I’m enrolled in a 12-week writing course this summer aimed at helping writers complete book-length projects.

The course overview said students should come to the class with at least east 25 pages of a first draft. When I found the course more than a month ago, my plan was to dig back into a story I started on Whidbey Island in February of 2013. I didn’t have 25 pages, but was more than halfway there.

My first big assignment is due tomorrow, 10,000 words of my work in progress. One day out, and – after doing more cutting than writing to the original draft – I’m still just over halfway there.

I had planned to start writing no later than noon. It’s now 12:53. Here’s what I have accomplished so far:

  • Read 20 pages of Elizabeth Alexander’s The Light of the World, a book so good I’m still thinking about it now.
  • Went through my stash of blank greeting cards and picked out three I want to send to friends.
  • Found seven old photos that happened to be in the same box where I keep blank greeting cards, including the one pictured above of me and my grandfather.
  • Scanned the seven photos and posted them on Facebook.
  • Shared an interview I wrote for work this past week on Linkedin and Twitter.
  • Emptied the dishwasher and made the bed.
  • Started this blog post.

My goal now is to hunker down and push out my remaining words for this first assignment. No reading back over every paragraph as I type it, continuously editing words as I write them (a habit I constantly battle when starting a project). No going online to make sure each cultural reference is accurate. (What year did Grease come out? Was I five or six? Did John Prine sing that song or Dan Fogelberg?)

No switching between my word doc and social media to see if anyone else has liked my photos.

I’m sitting on the covered area of our back deck.
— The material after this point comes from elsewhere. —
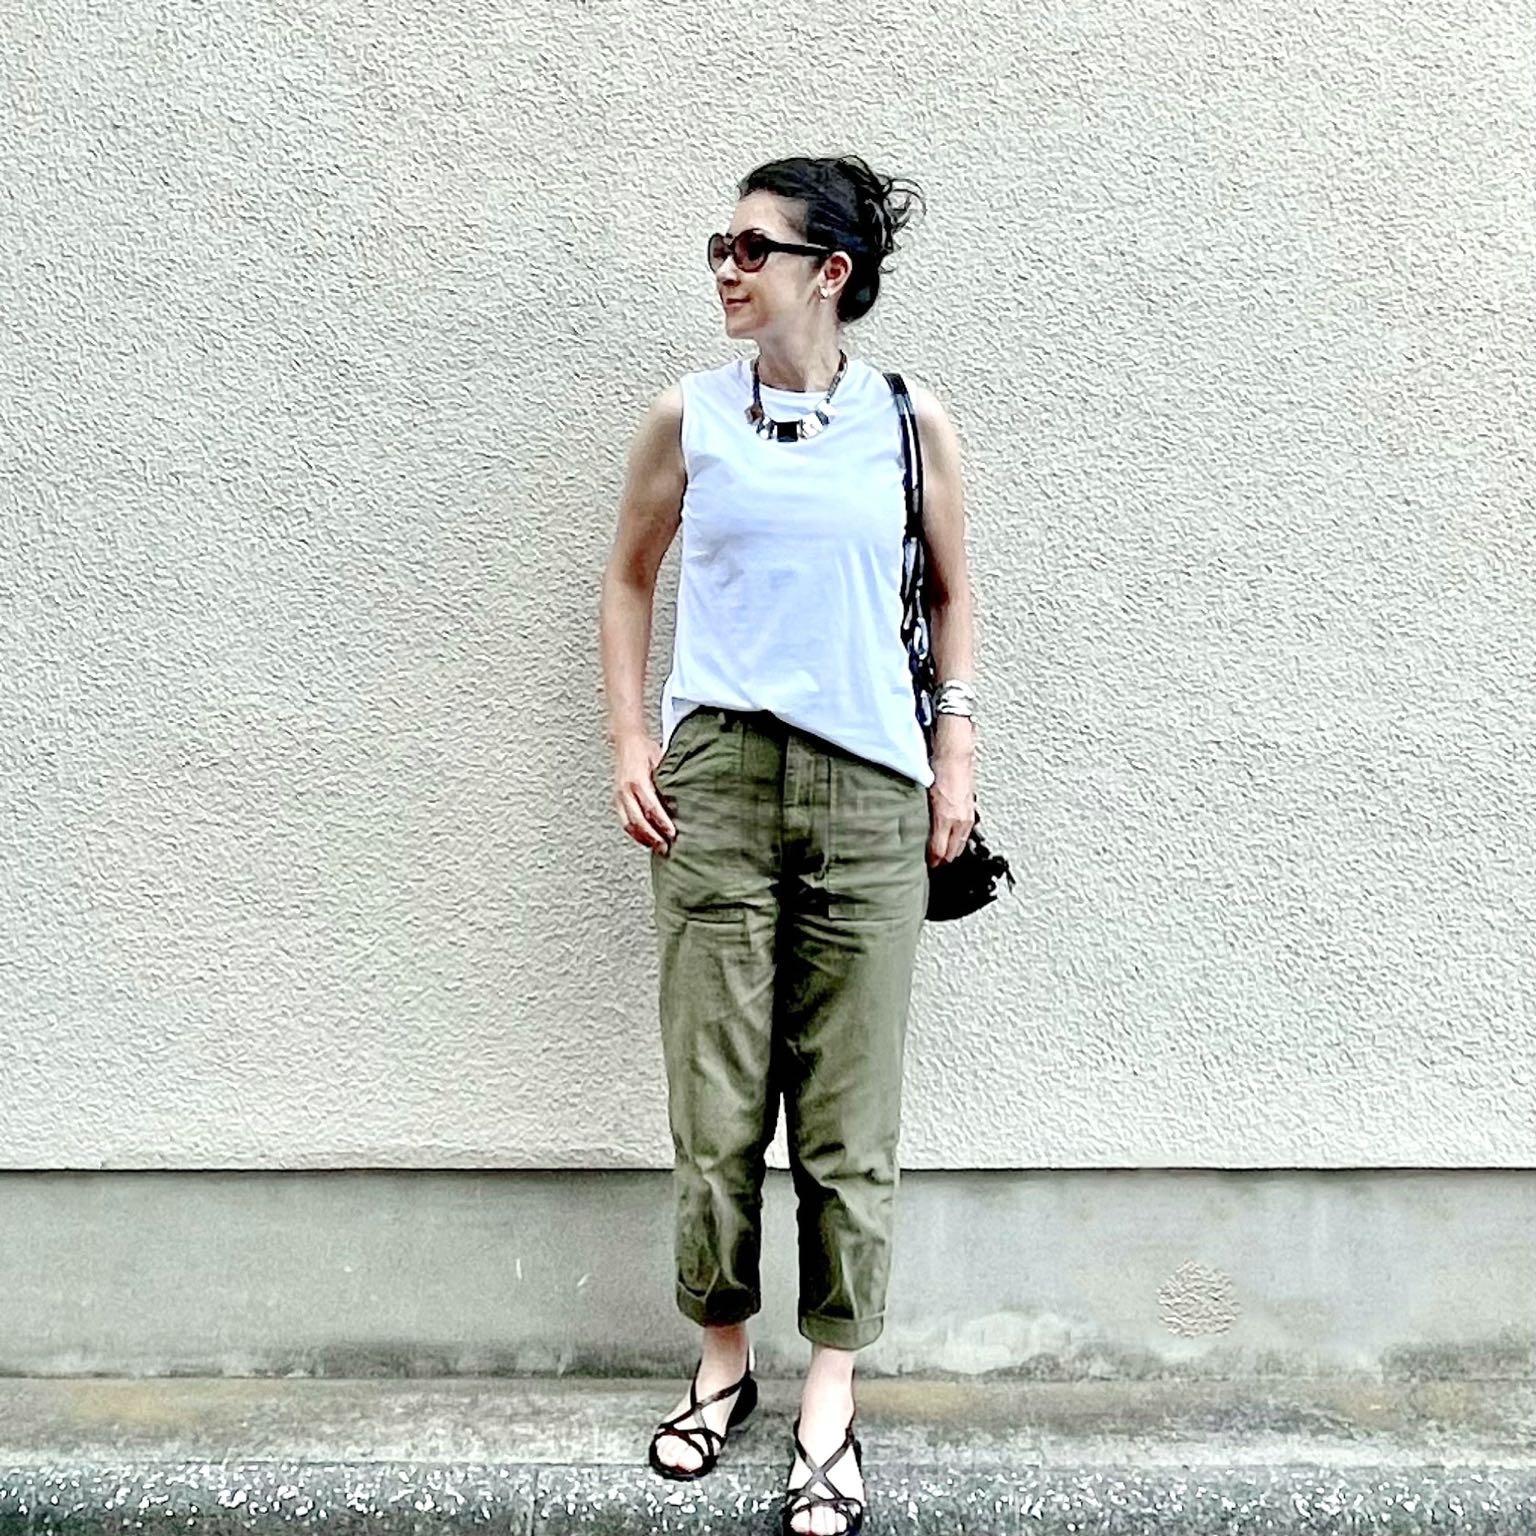 ユニクロの白のノースリーブTシャツ、カーキのベイカーパンツ、ブラックのフラットサンダル、ブラックのメッシュバッグ、大振りのショートネックレス

It’s hot out, and I can barely hear my Edward Sharpe playlist over the lawn mower my husband is driving back and forth across our backyard.

My son is sitting beside me, eating a lunch his sister fixed him. A handful of popcorn, grapes, a peanut-butter and jelly sandwich cut in a triangle without any crusts and one small Hostess chocolate donut.

It really is a perfect day to eventually write, it’s just a matter of getting started.